A few weeks ago during Dublin's Pride festival, a "Homophobia Kills" banner was proudly dropped from the buildings overlooking Merion Square (where the Iona Institute's headquarters are). The action led to the violent arrest, and subsequent holding for 6 hours, of the people who dropped the banner. What follows is a statement from Xavier – one of the Dublin Pride banner droppers

"Hey fellow queer rebels and allies,
Myself and my fellow banner dropper are in the CCJ tomorrow morning at 10:30am for our first mention date following the events of Dublin Pride, when we were violently arrested and queer bashed after dropping our banner saying Homophobia Kills during the march.
Between us we face 13 charges, some of them serious, all of them bullshit.
It’s difficult to write this, because its still difficult and painful to think about what happened. But I’m writing it to call on everyone who gives a shit to get down to the court and show your support tomorrow.
We were beaten for rejecting the presence of the police marching with Pride, which we regard as an utter betrayal of the spirit of the Stonewall Riots, which Pride was created to commemorate. We were beaten for rebelling against the soulless corporate carnival Pride has become, against the hijacking of this memorial of our revolutionary history which is now used against us as a meaningless capitalist advertising opportunity. We were beaten for telling the truth, that Pride has become a mockery of itself, of all past queer revolutionaries, and of us. We were beaten for insisting on our right to our history, for remembering those whose memories have been sold, and for declaring that the cops are and always will be the enemy to queer liberation, not our allies and friends. And on a most basic level, we were beaten by 7 cops in a carpark, hidden from the view of the main parade, for being proudly queer.
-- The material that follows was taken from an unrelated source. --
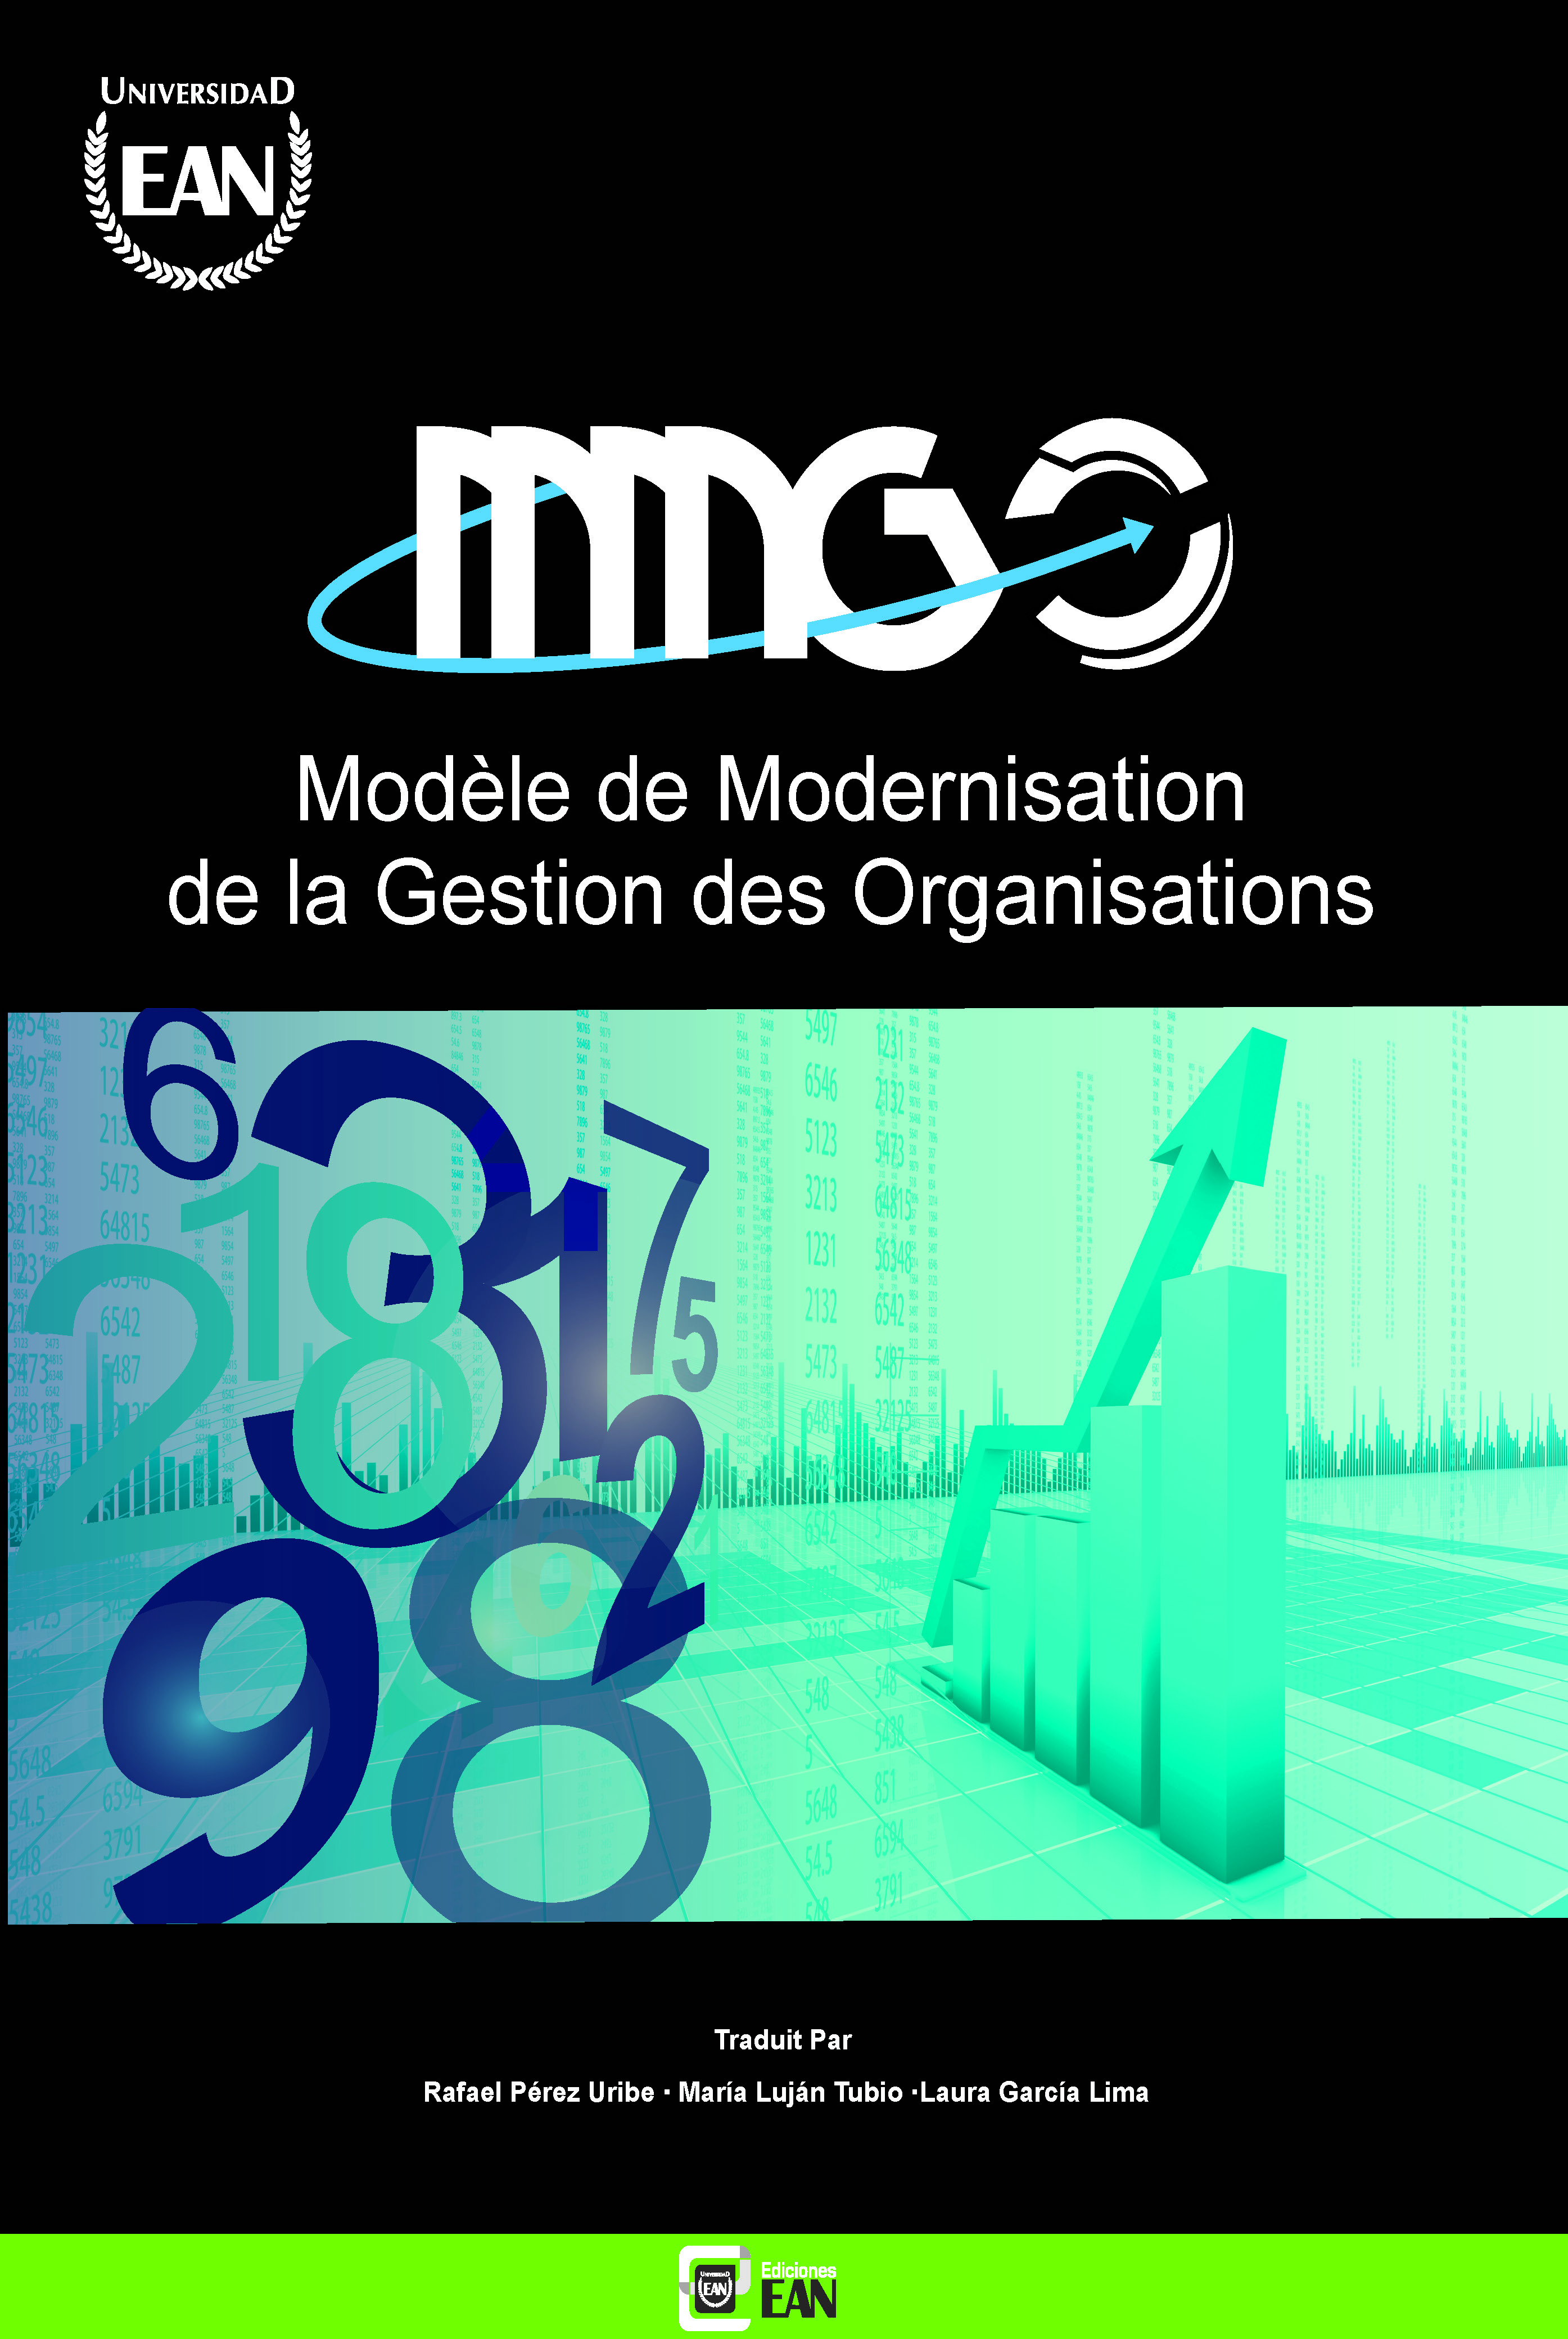 Modèle de Modernisation de la Gestion des Organisations MMGO®. Concept et matrices pour l'analyse de la situation et la détermination de la trajectoire d´amélioration et l´innovation
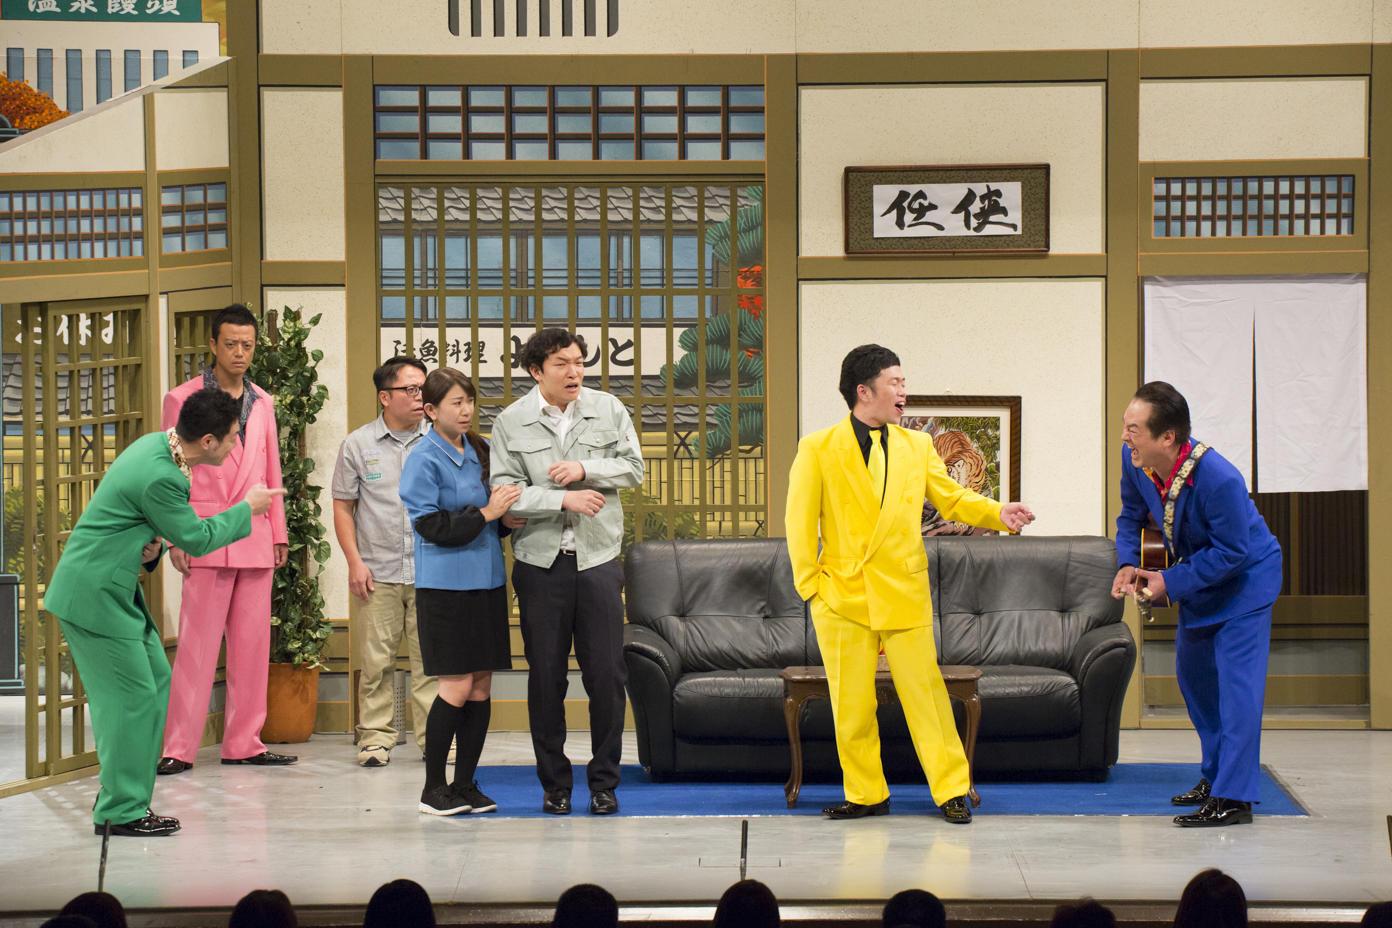 http://news.yoshimoto.co.jp/20161030041728-ac94f198b9a581f2a42f123a98ba608846bbb441.jpg

If this disgusts you, turn up at court tomorrow. Come as your outrageously gorgeously queer selves. If queer bashing by police is ever going to stop we need your anger and your solidarity. Homophobia kills us, and the cops kill us, beat us and take our families, friends and freedom.
For the queer people of colour who the police murder with impunity, for the kids who kill themselves because of homophobic bullying, for the trans people shamed rejected and reviled by our shitty society because they dare to be who they are, for all queer folks everywhere – no fucking compromise – let’s shame the bastards – See you there."

For anyone who doesn't know the location of the Criminal Courts of Justice, it's the round, glass adorned building on Parkgate St, near the entrance to the Phoenix Park. Come show your support and solidarity.